━━ Supplied material
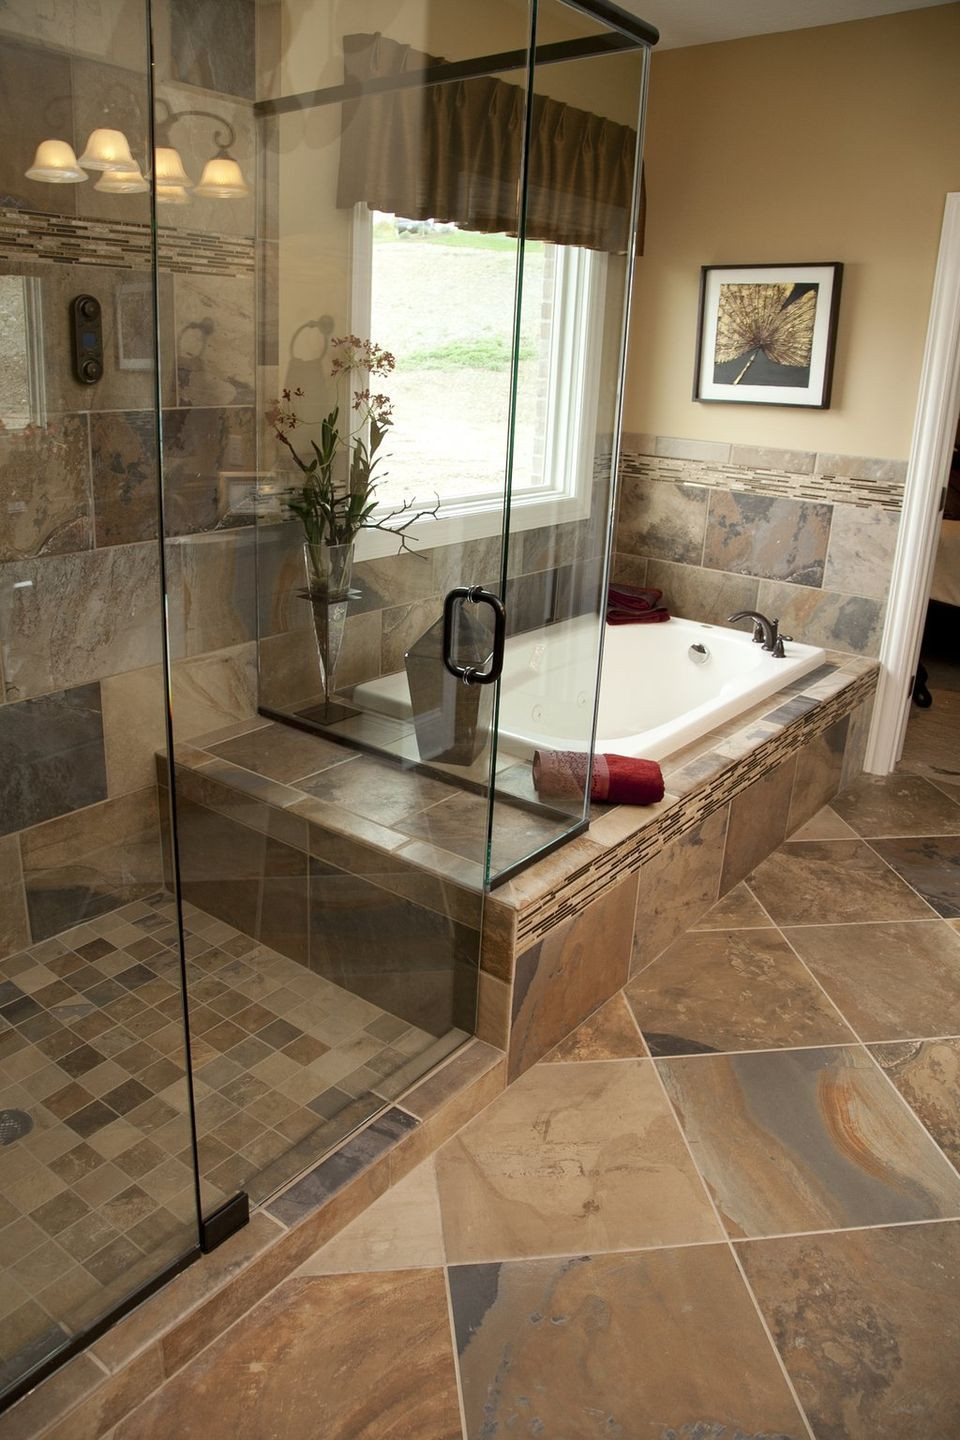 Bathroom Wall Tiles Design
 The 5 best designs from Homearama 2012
━━━━
━━ Supplied material
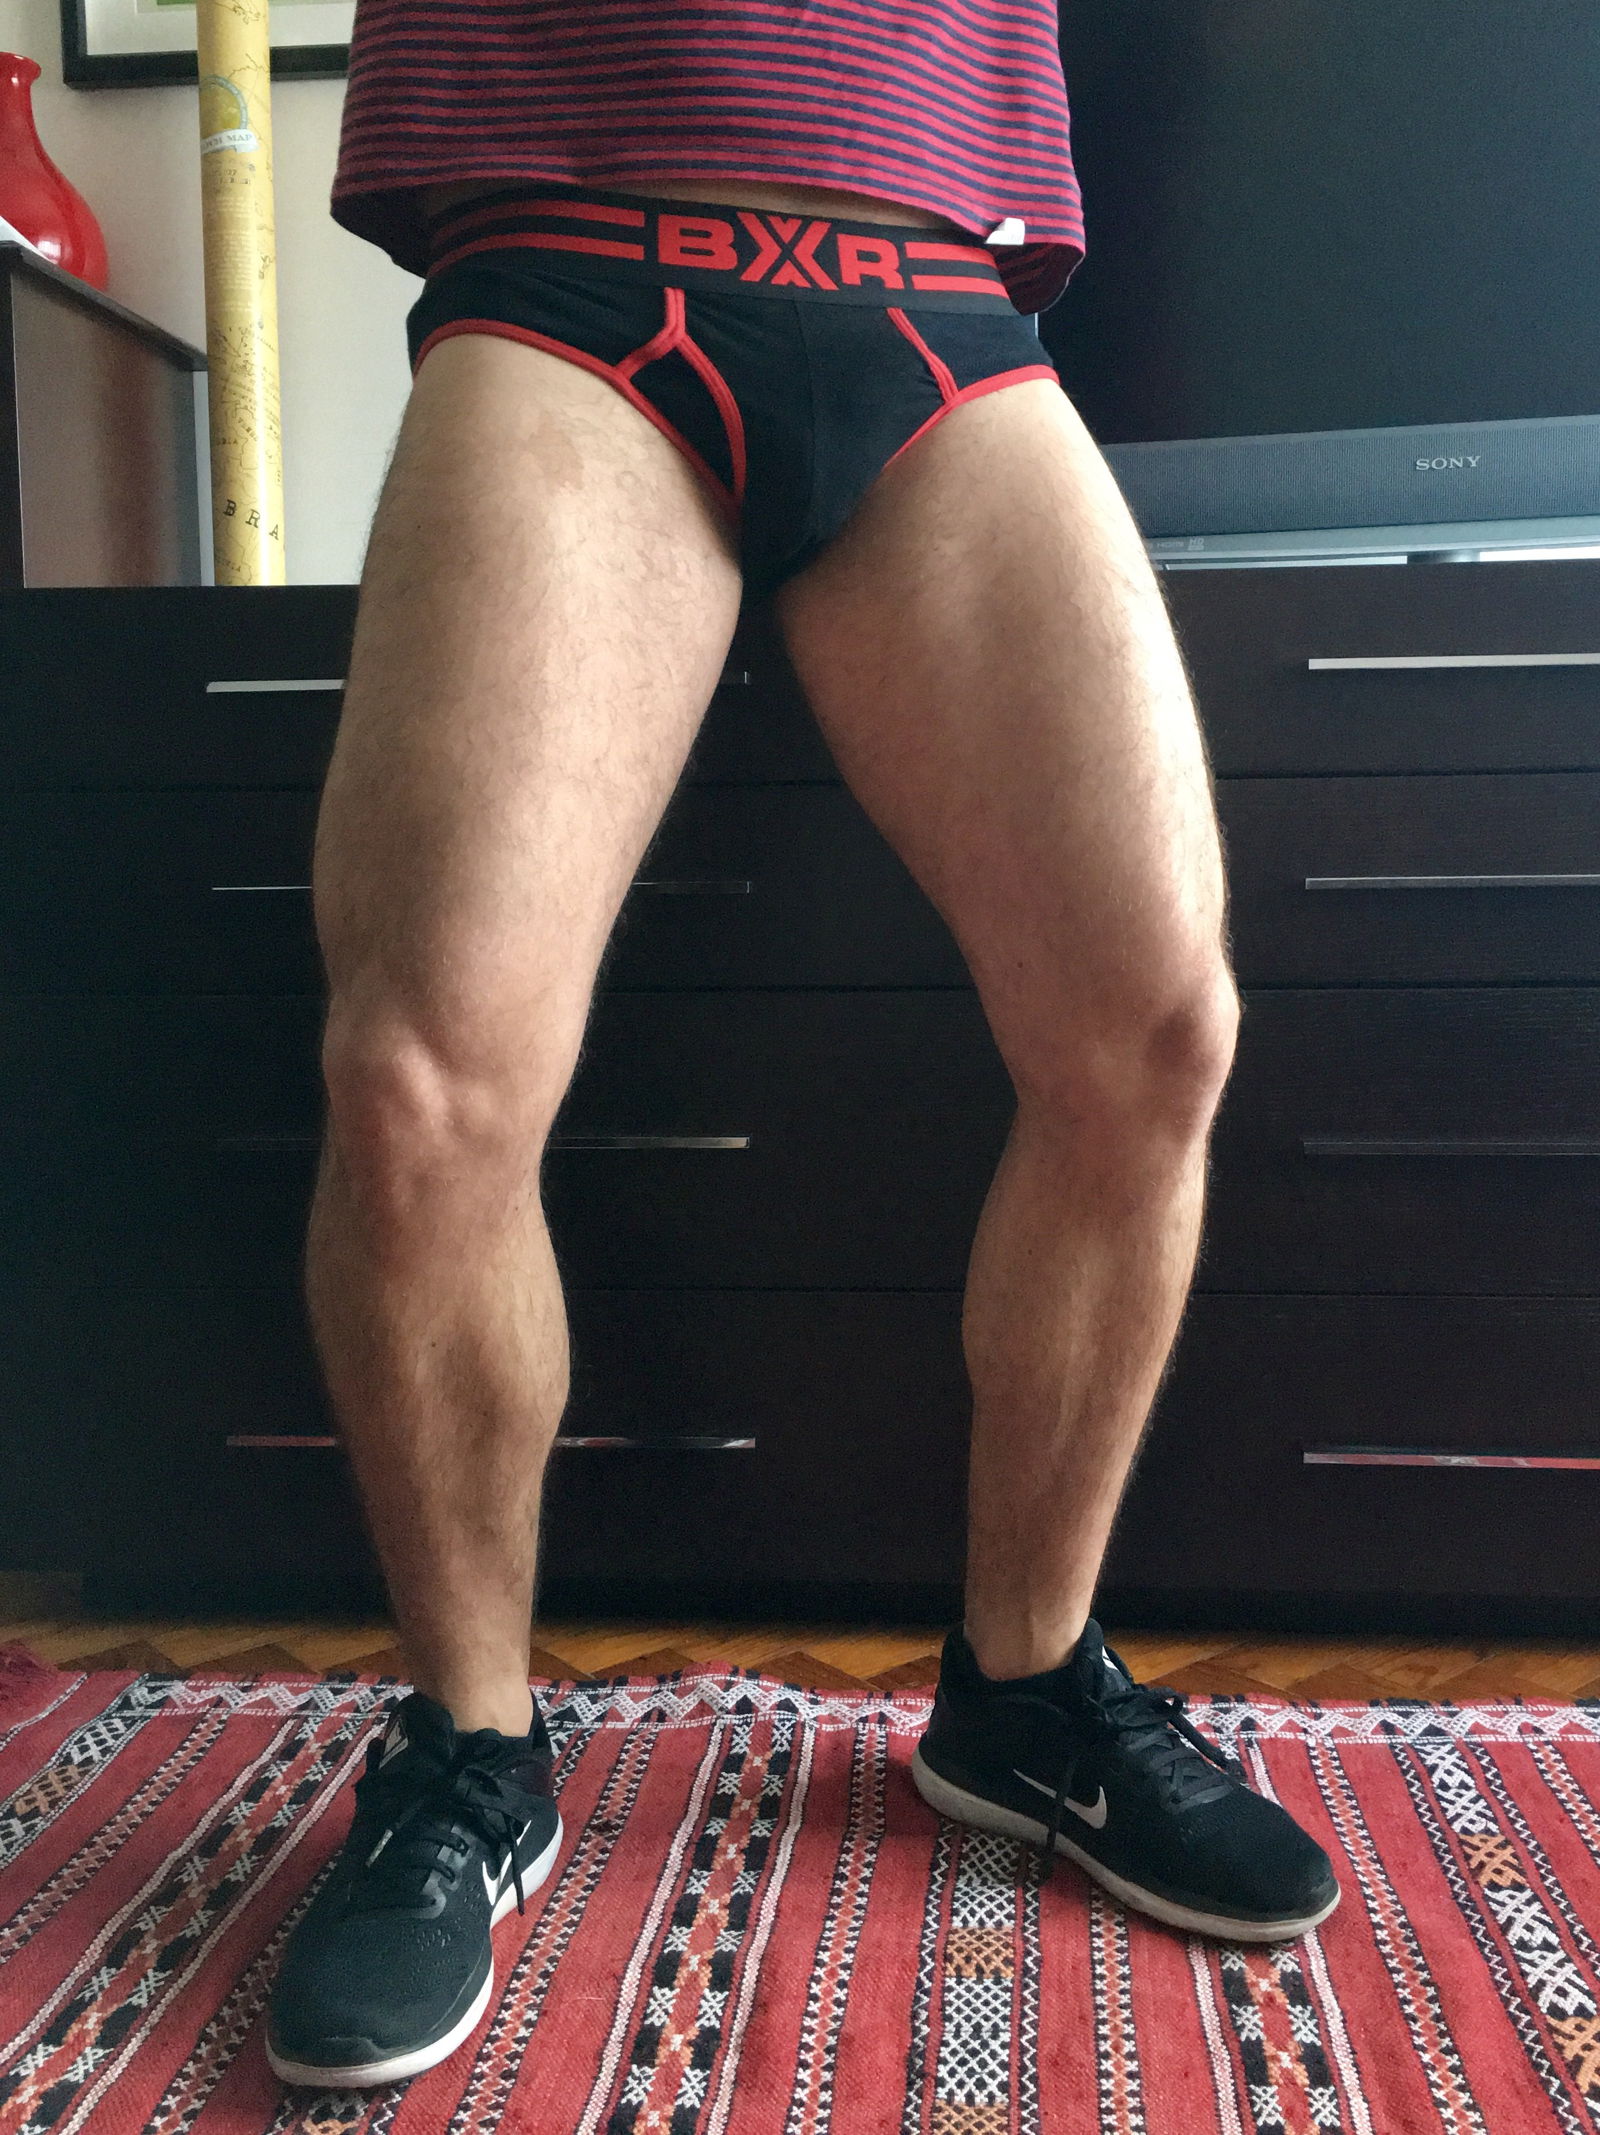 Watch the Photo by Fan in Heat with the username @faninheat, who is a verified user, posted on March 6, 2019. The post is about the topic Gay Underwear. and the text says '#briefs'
━━━━
- What to produce -
From the listing above, please give again the lines that begin with the line holding "Bathroom Wall Tiles Design" and go on through the line holding "The 5 best designs from Homearama 2012", exactly, both ends included, minus any picture.

- Your response -
 Bathroom Wall Tiles Design
 The 5 best designs from Homearama 2012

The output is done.